The answer, I have come to understand as I have worked in Houston as a reporter and consultant, echoes something that the late Soichiro Honda once told me: “More important than gold and diamonds are people.” This critical resource, more than anything, accounts for Houston’s headlong drive toward becoming not only the leading city of Texas and the South, but also a player on the global scene: it is emerging as one of the world’s great cities....

Lauding Houston to urban planners is not much different than extolling red meat at a convention of vegans....Ultimately, it’s a question of defining what makes a city great. Many city planners today focus largely on aesthetics, the arts, and the perception of being “cool.” Academics and many economic-development experts link urban success to cities’ appeal to the “creative class” of college-educated young people. In this calculus, the traditional practice of gauging a city’s success by studying patterns of population or employment growth, or noting the opportunities available for working-class or middle-class families to flourish, rarely registers as important.

For contrast to the Convention and Visitors' Bureau high-gloss approach, look to a marketing campaign entitled "Houston. It's Worth It," produced by an independent advertising agency four years earlier. In the campaign, the details that usually inspire complaints about Houston--cockroaches, sprawl, humidity--are foregrounded in an ironic way, with a clean typeface. The idea behind the guerrilla campaign, developed by ttweak, is that the city's inconveniences are heavily outweighed by the its everyday attributes, optimistic atmosphere, lack of pretense, and personality:

"Houston. It's Worth It." was created believing that acknowledging the difficulties of living in Houston only makes the reasons why it's worth it more compelling. We can all reach a consensus on the relatively few complications of living in Houston; the reasons it's worth it, on the other hand, are as diverse and numerous as its citizens. "Houston. It's Worth It." is a conduit for those reasons.

The city's lack of definition, and a narrative that is necessarily fluid, ends up being incredibly productive. A great takeaway impression.

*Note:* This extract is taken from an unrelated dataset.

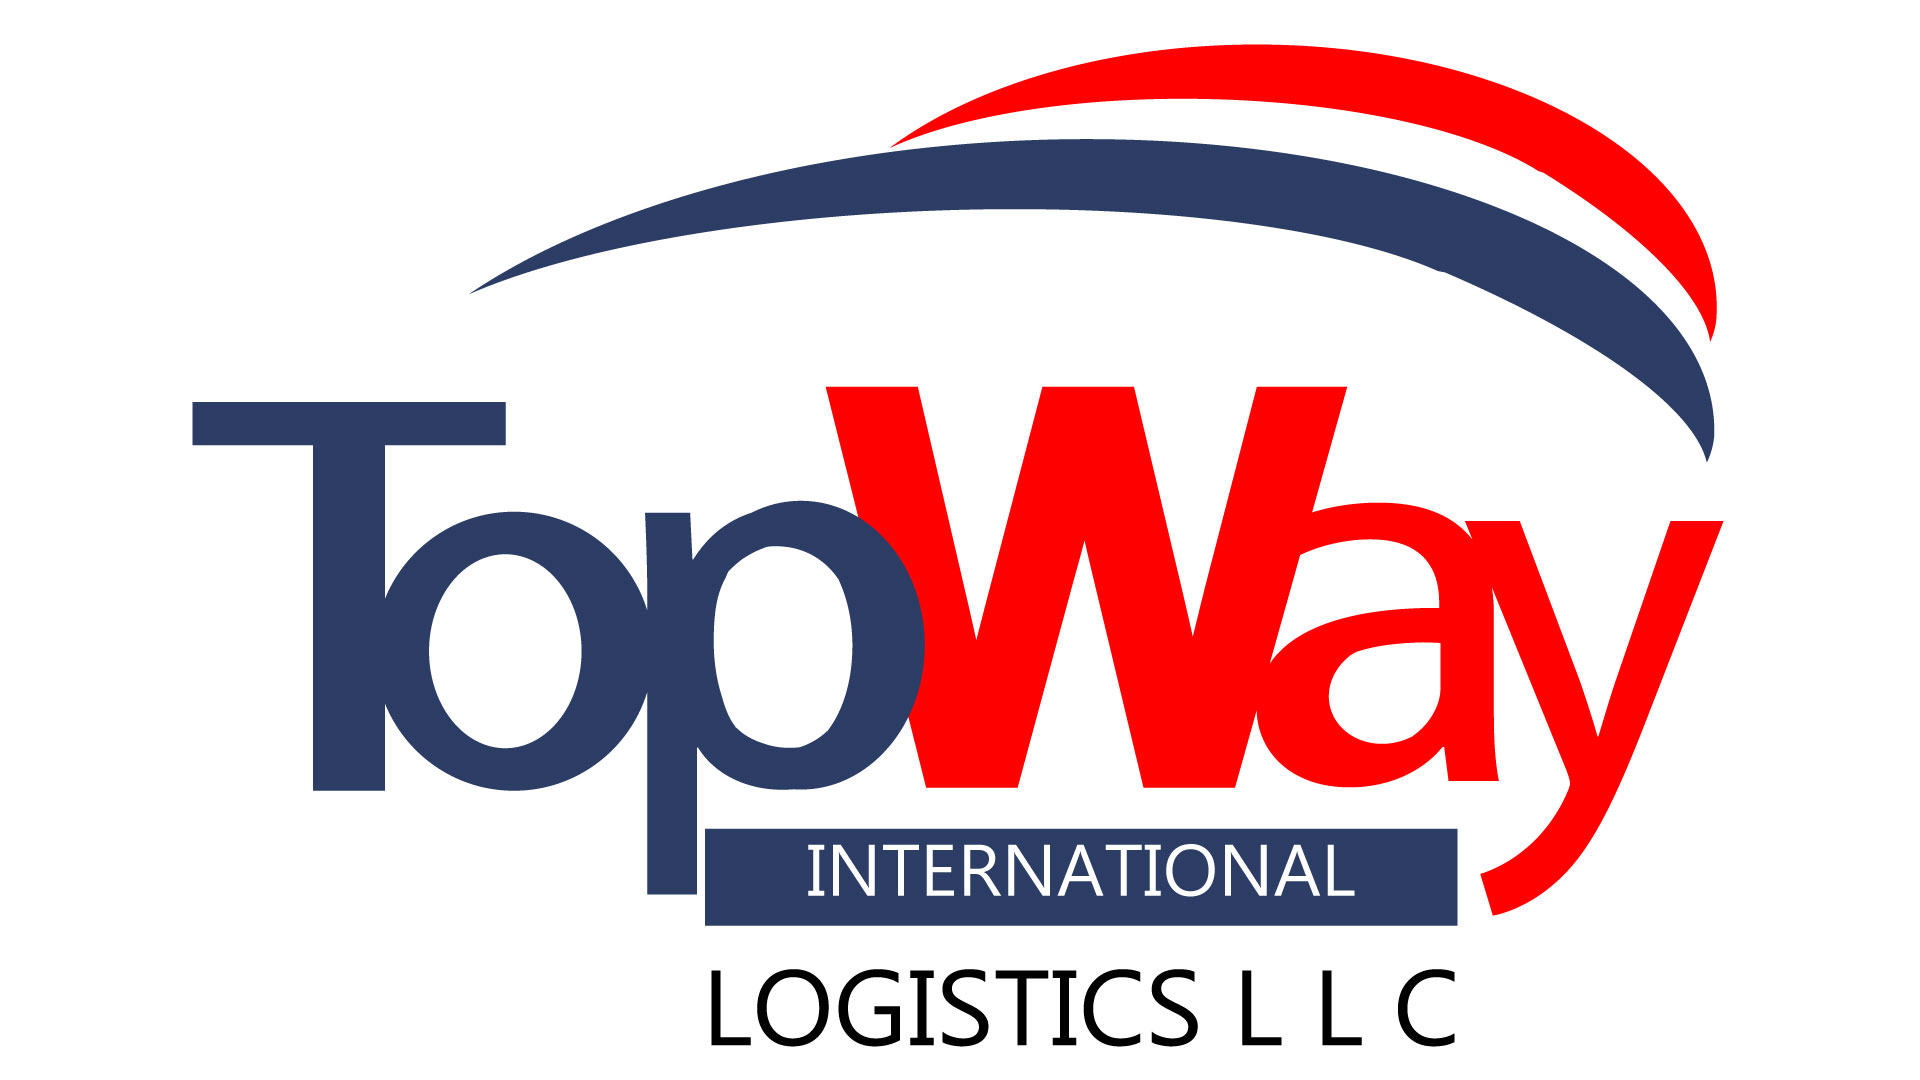 Topway International Logistics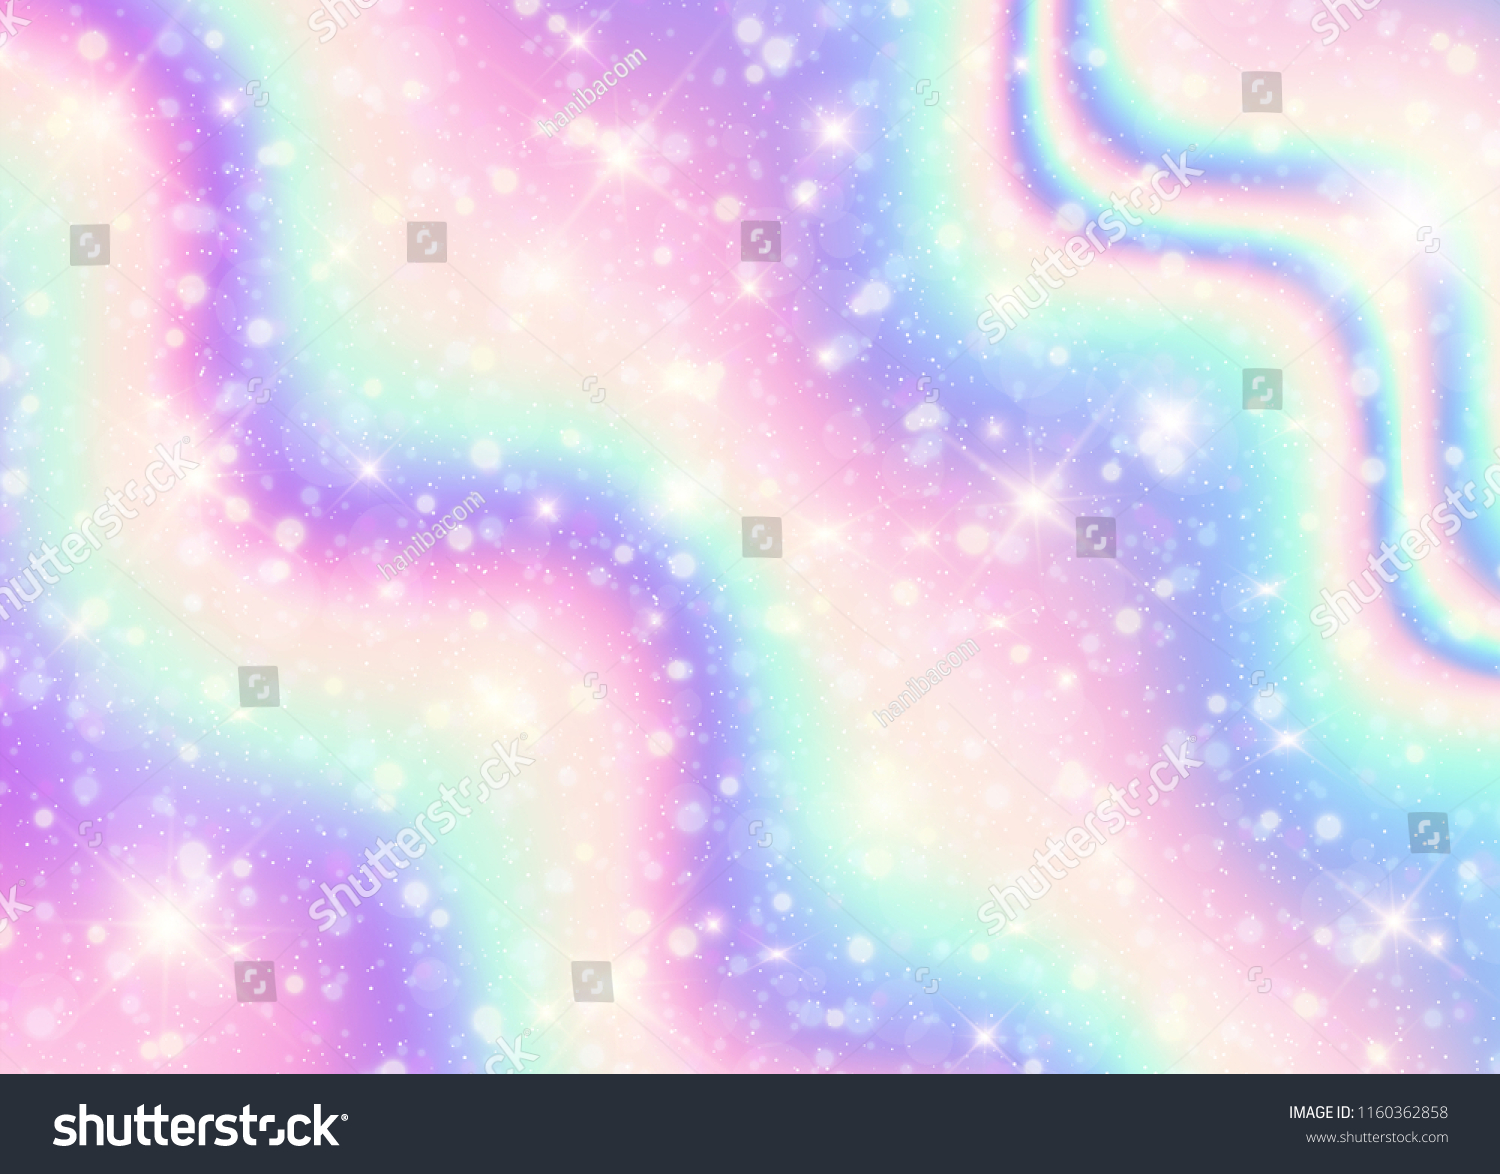 Vector Illustration Galaxy Fantasy Background Pastel Stock Vector Royalty Free 1160362858

Below: a few images of Houston captured by the photoblog Phototainable, searching for personality of place.

Houston1_4 Houston2 Houston5

As commenter #2099 in the "Houston. It's Worth It." guestbook says, screw conventional thinking: "we defy logic, but we still rock." And #2064: "I feel normal here. Maybe it is because I am imperfect, like this city."

Houstonmug

Smartly, the "It's Worth It" folks have come out with a coffee-table book of photography juxtaposed with quotes from commenters like those above (many thanks, Randy!) and other clever schwag to accompany the campaign.